Using the power of proprietary data and partnerships
Proprietary data is one of the most powerful moats you can build. When you gather unique insights that others can't get their hands on, you're not just collecting numbers, you're creating an asset that's nearly impossible to replicate. It could be anything from user behaviour patterns to clinical trial data. This information doesn't just help you fend off competitors, it can also be the secret ingredient that lets you refine your product and stay ahead of the curve.
And with this kind of valuable data in hand, exclusive partnerships become an even more powerful tool. By leveraging your unique insights, you can form strategic alliances with key players, from suppliers to academic institutions, celebrities and industry leaders, creating barriers for competitors. It's not a strategy for every startup, but if you can land the right exclusive agreements, you'll lock down your position and make it much harder for others to break in behind you.
Choosing the right backers
Founders shouldn't be digging out their moats alone. The best investors don't just write a check and disappear – they get in the trenches with you.

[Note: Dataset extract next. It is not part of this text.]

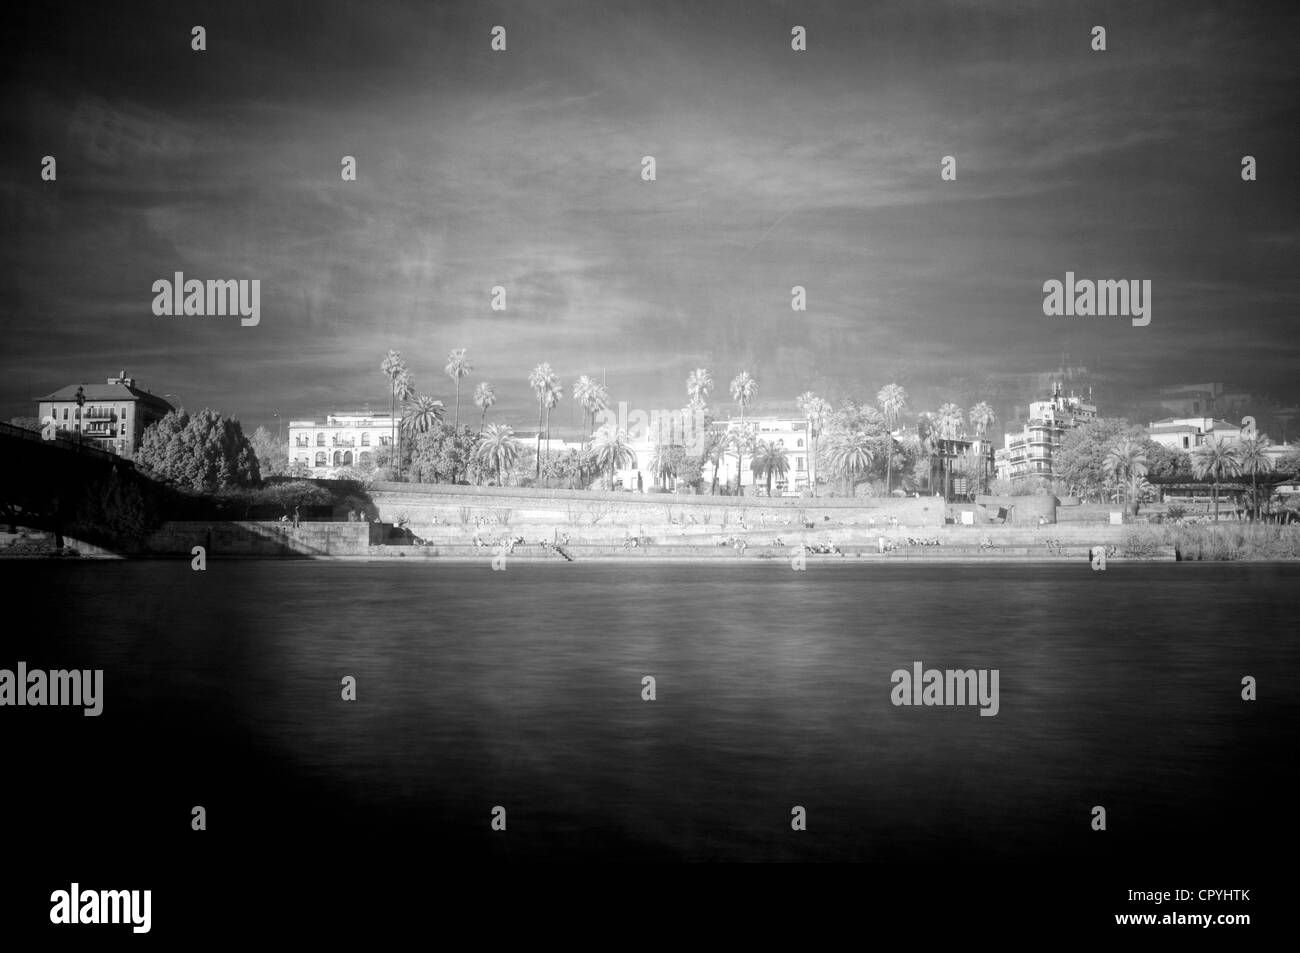 Raggi infrarossi e doppia esposizione immagine del fiume Guadalquivir a Siviglia, Spagna Foto Stock

Think about potential investors' experience and network. Can they provide warm intros to help land exclusive partnerships? Do they have the technical expertise to advise on product development? Can they help you hire top talent or connect you with a PR team that understands your messaging? Beyond strategy, are they able to empathise with the founder journey from first-hand experience? The right investors should help you to deepen your moat.
That said, make sure you've thought about defensibility before seeking investment as investors will want to know why you believe your startup is futureproofed. Dedicate a slide to your moat in your pitch deck and be ready to explain why your idea isn't just good, but defensible in the long term.
Protecting your edge with legal safeguards
Patents and copyrights can be helpful defensive moats, especially for deep tech companies. They won't be necessary or relevant for every startup, but if you're building something where legally protecting your ideas is an option, it should definitely be part of the conversation. The practice isn't just about keeping copycats at bay; it can also signal to investors and potential partners that you've thought long-term about owning your unique value proposition. In fact, research from the European Patent Office suggests that startups with secured patents and trademarks are up to 10x more likely to raise seed or early-stage funding.
Legal protections can also keep you safe from being blindsided by someone else patenting your idea and suing for infringement. But, again, patents and copyrights are not always the right fit for every business – whether they make sense depends on the nature of your product, market, and long-term strategy.
Moats aren't built overnight. The water might already be there, but it takes deliberate, human effort to turn it into something strategic. If it's easy for the competition to cross, your moat's too shallow and it's time to dig deeper. Whether you're playing offense or defense, I'm looking for founders who are intentional about what truly sets them apart.